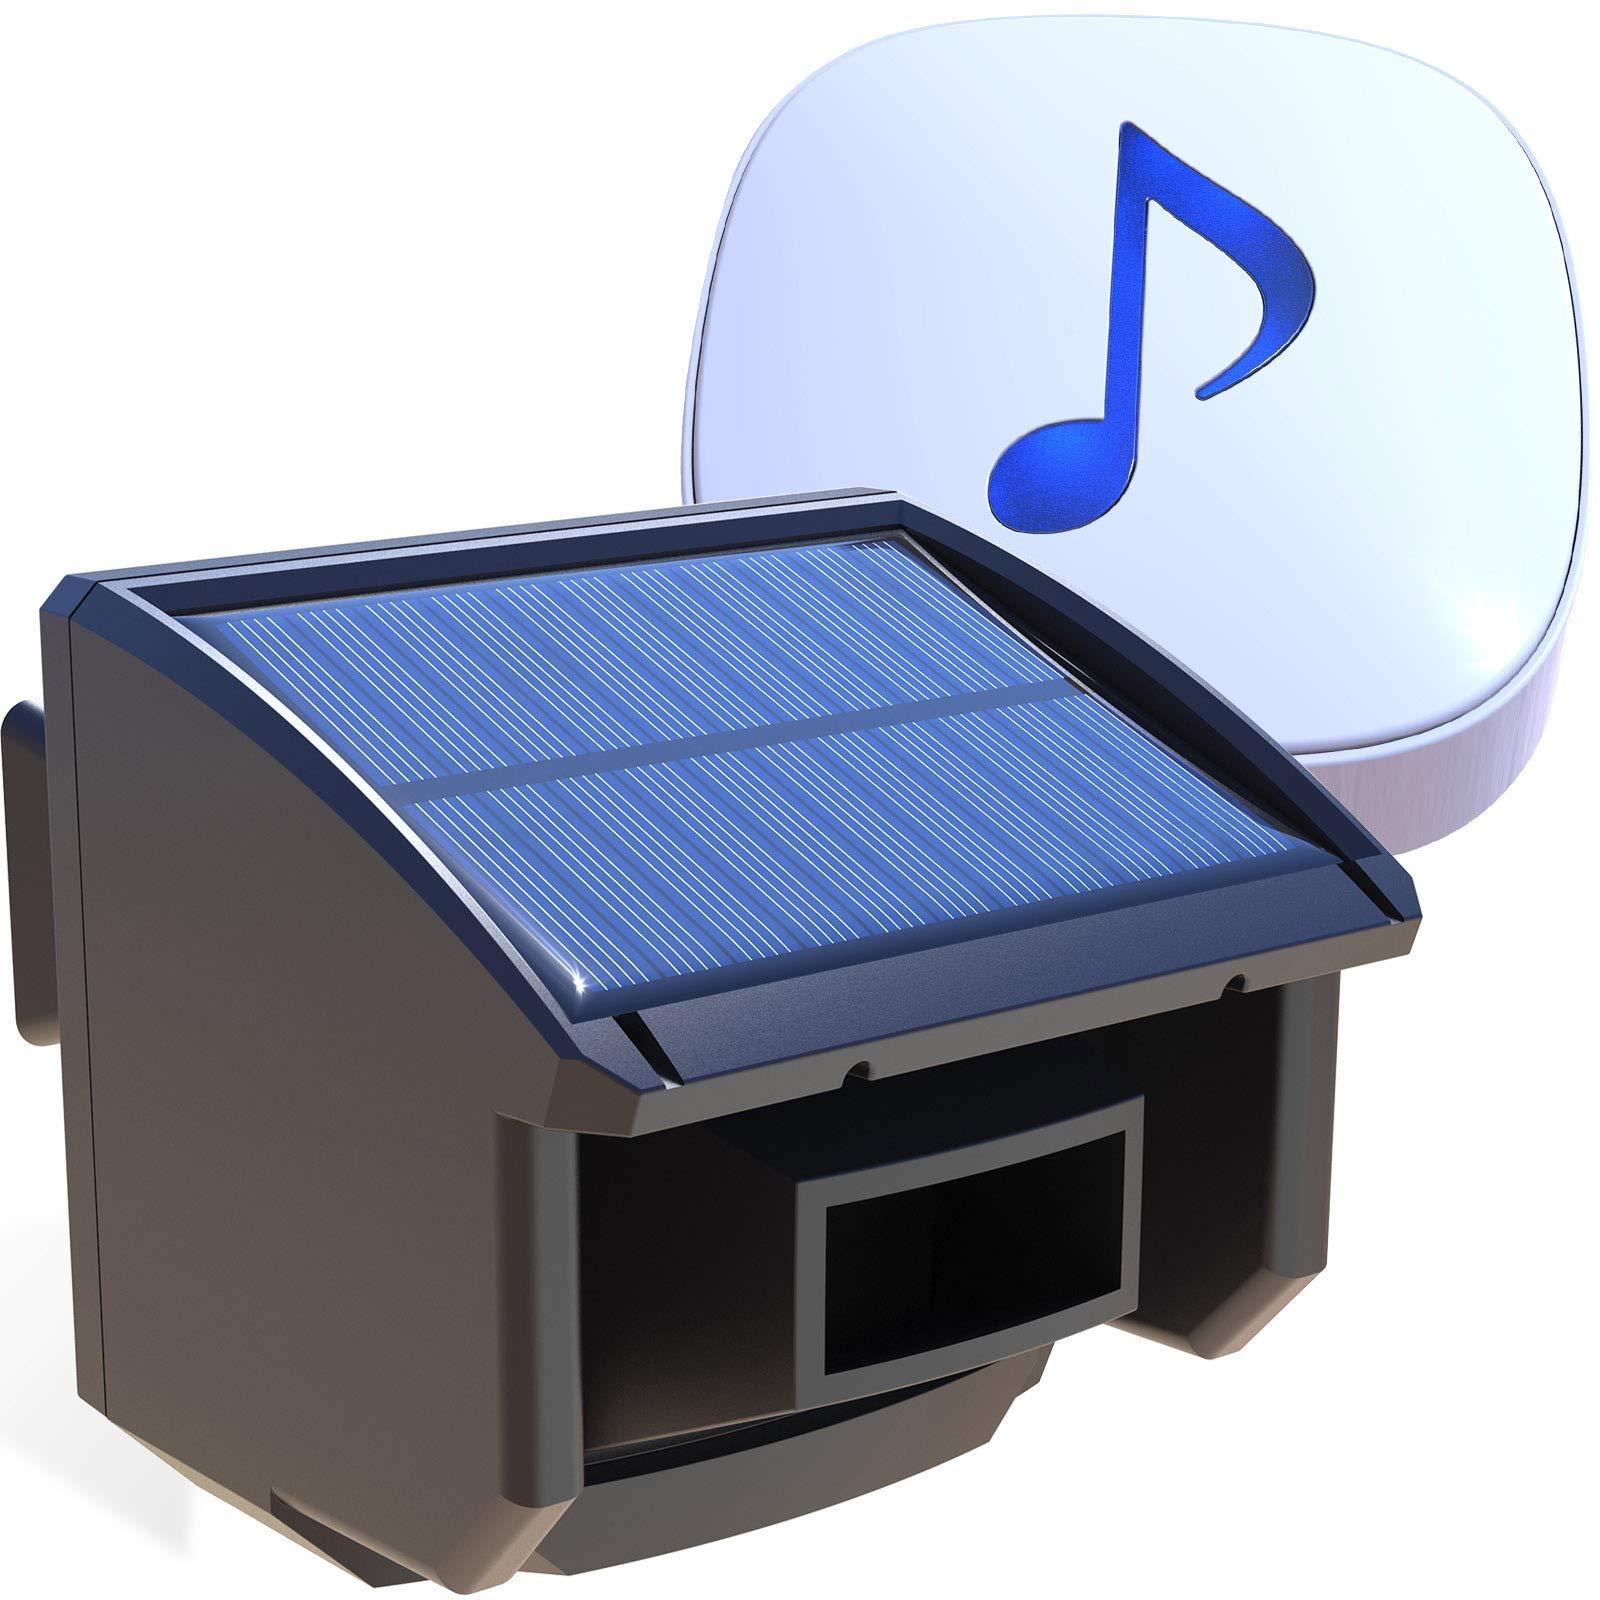 Htzsafe Solar Driveway Alarm System-1/4 Mile Long Transmission Range-Solar Powered No Need Replace Batteries-Outdoor Weatherproof Motion Sensor&Detector DIY Security Alert System by HTZSAFE
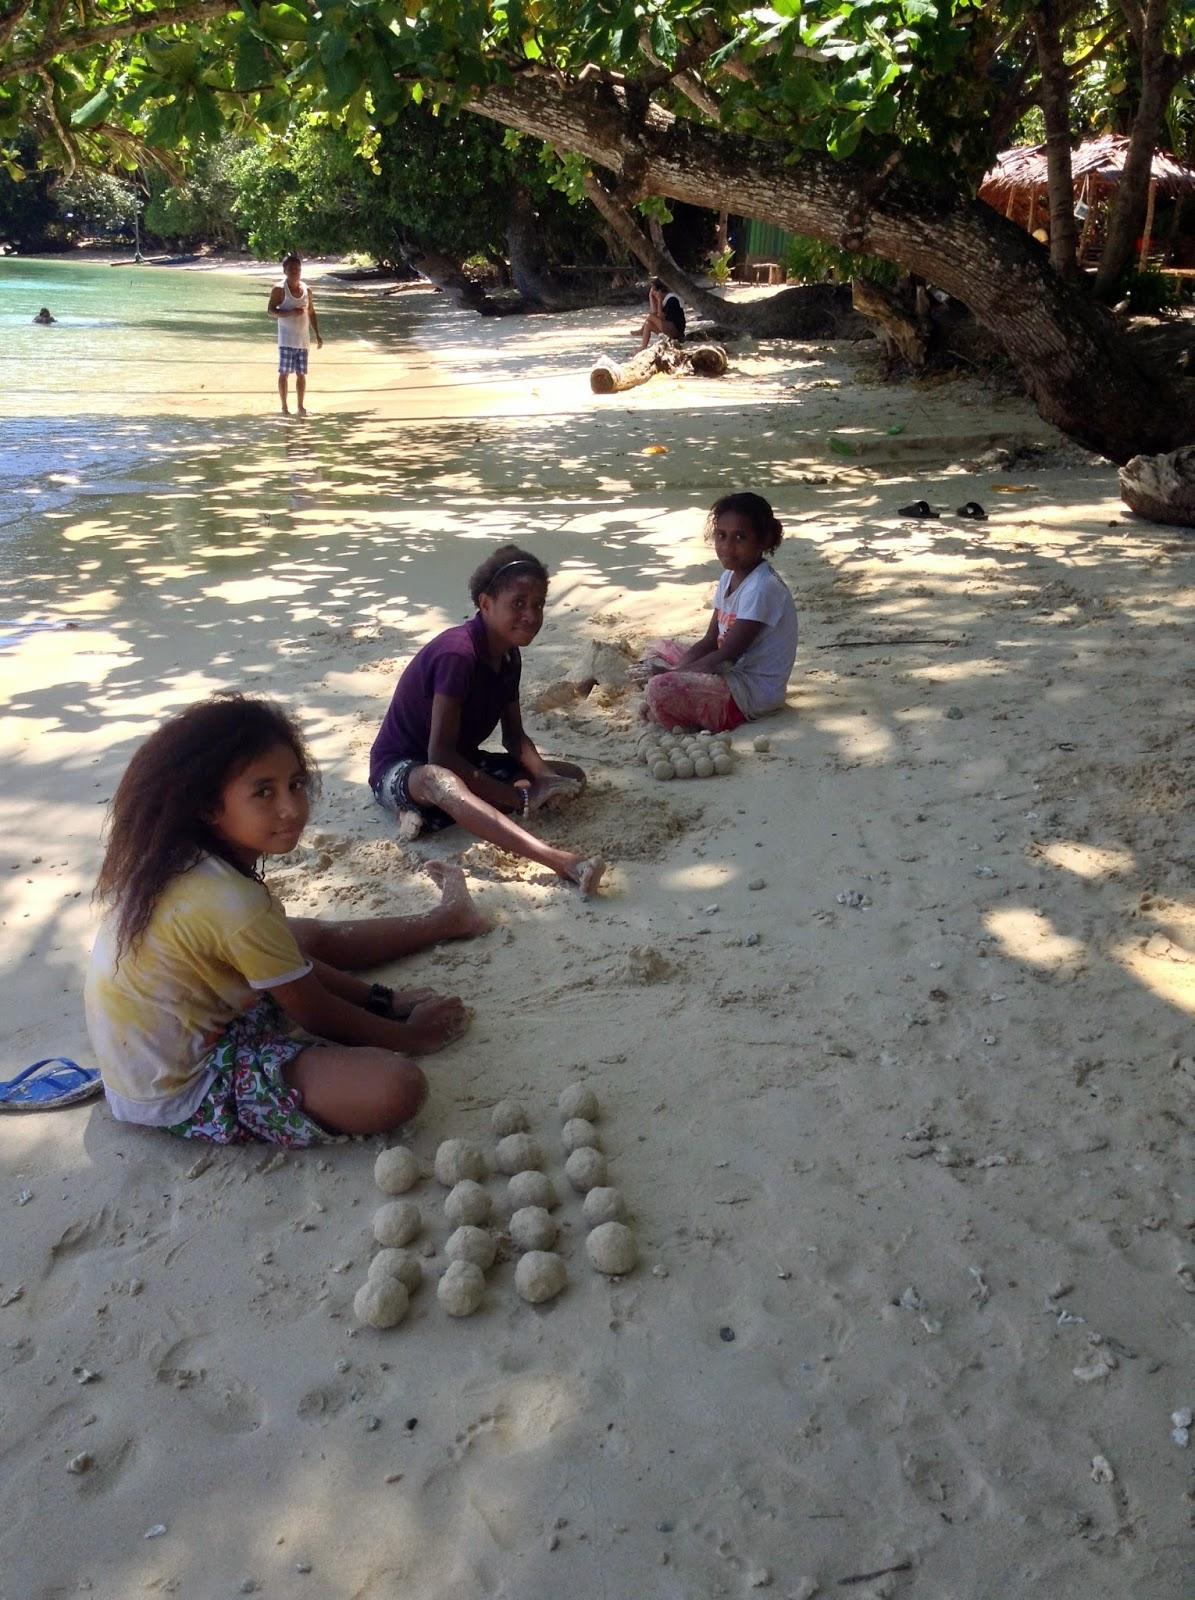 Keindahan Pantai Harlem Nominasi Obyek Wisata Bersih Jayapura Aktivitas Penduduk
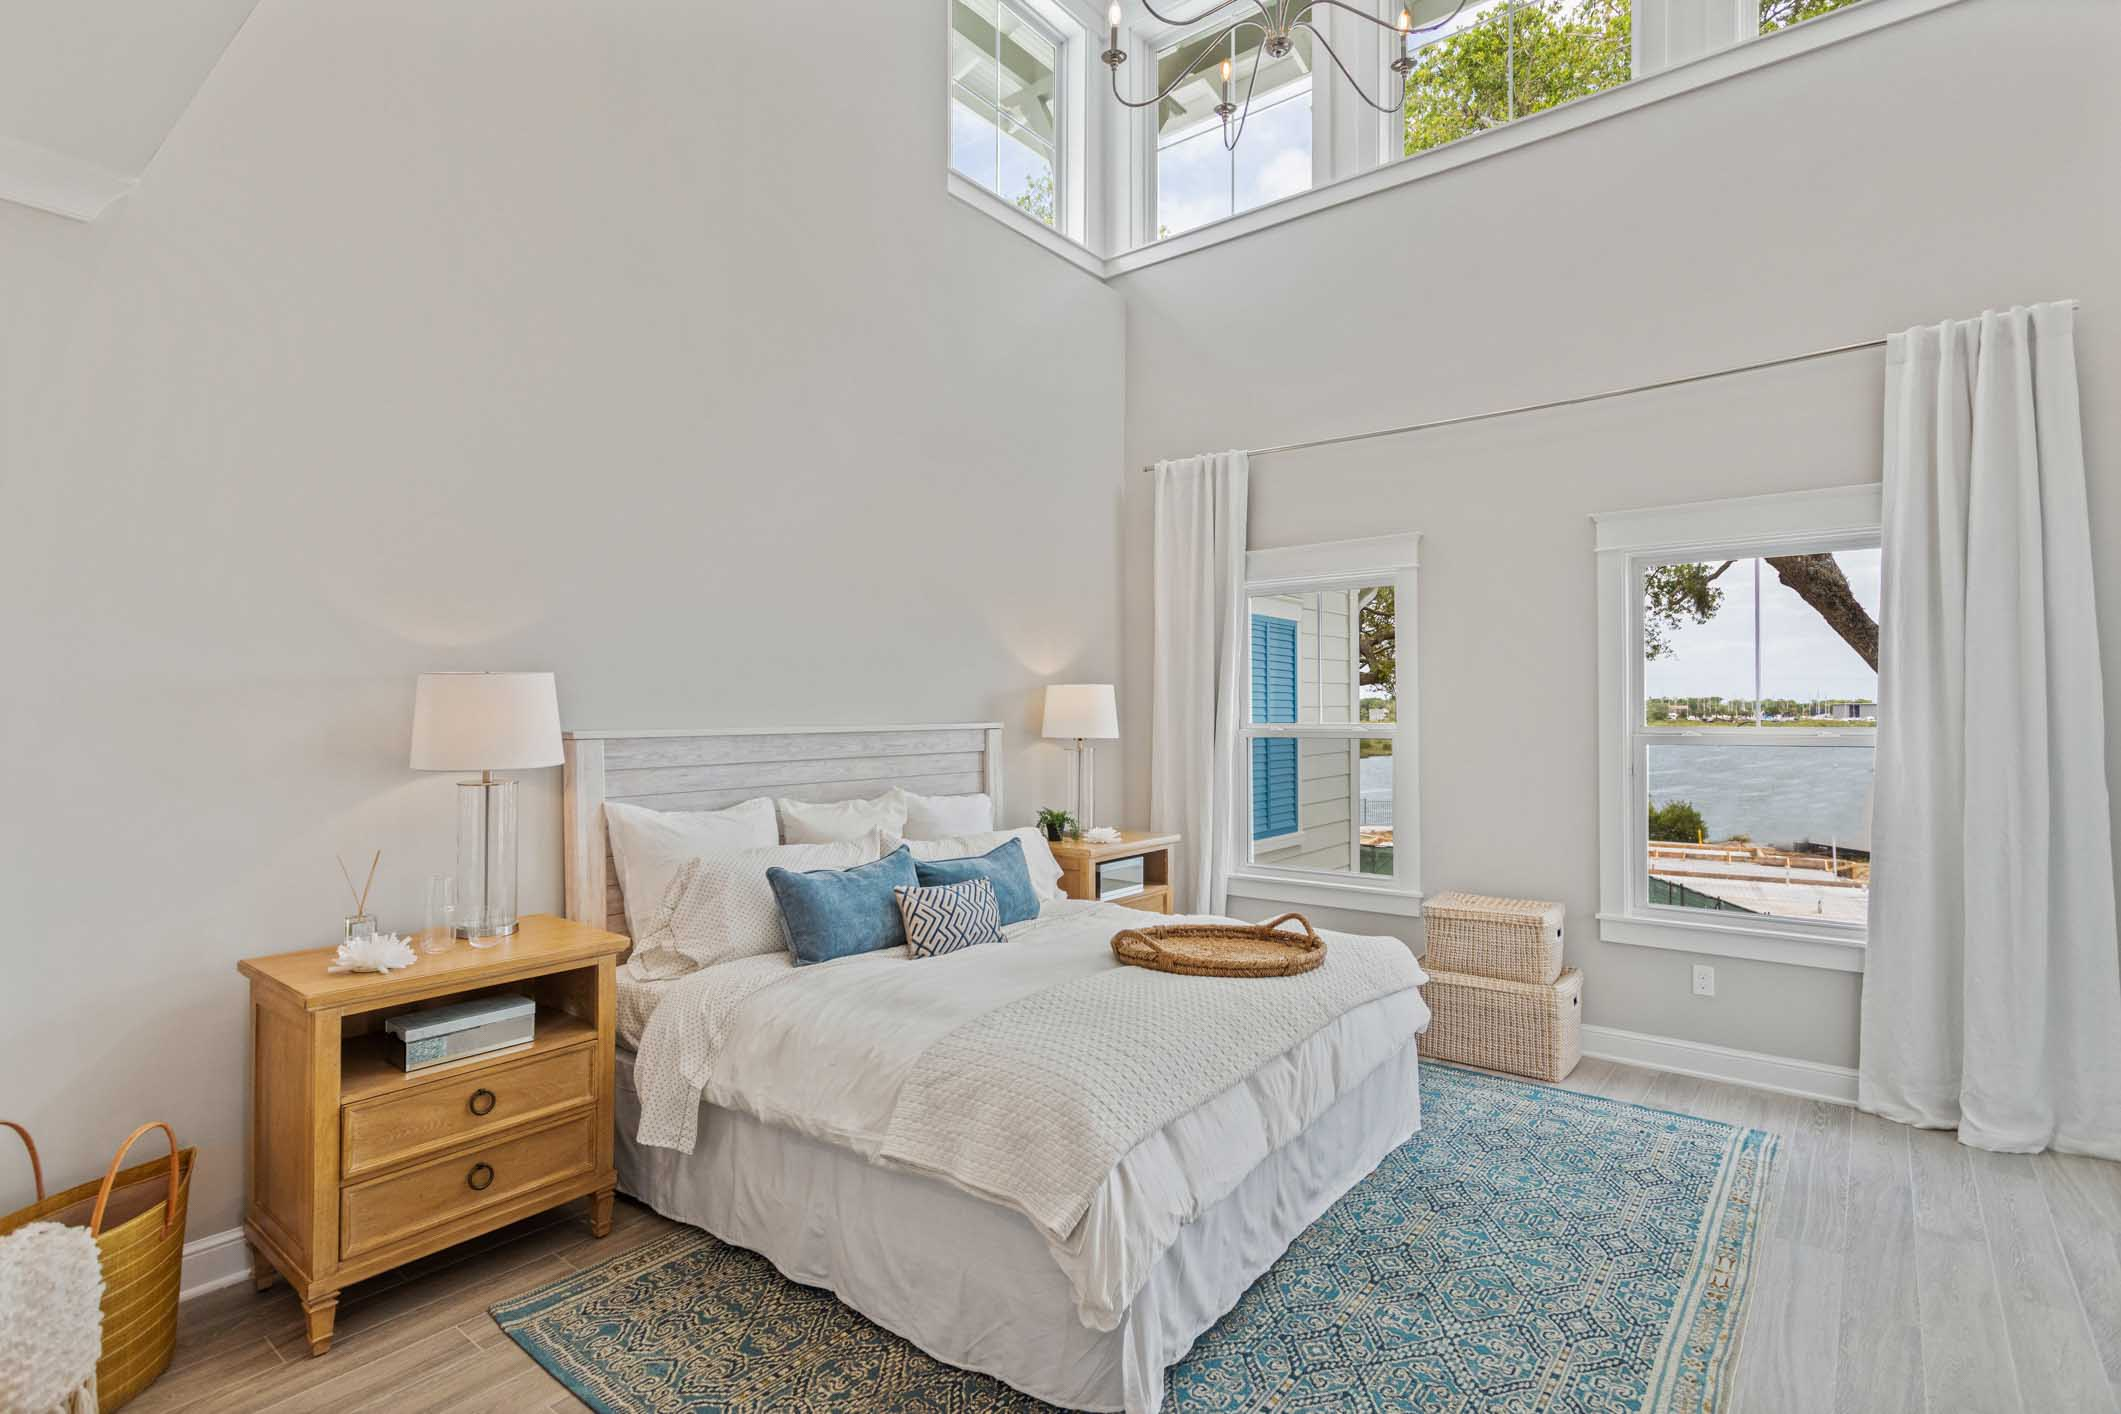 Interior view of master bedroom at VIlla Calissa

> _Instructions to follow_
Retype precisely, and only, the lines from the one holding "Keindahan Pantai Harlem" through the final line of the data above, with the pictures omitted.

> _Exercise result_
 Keindahan Pantai Harlem Nominasi Obyek Wisata Bersih Jayapura Aktivitas Penduduk
 Interior view of master bedroom at VIlla Calissa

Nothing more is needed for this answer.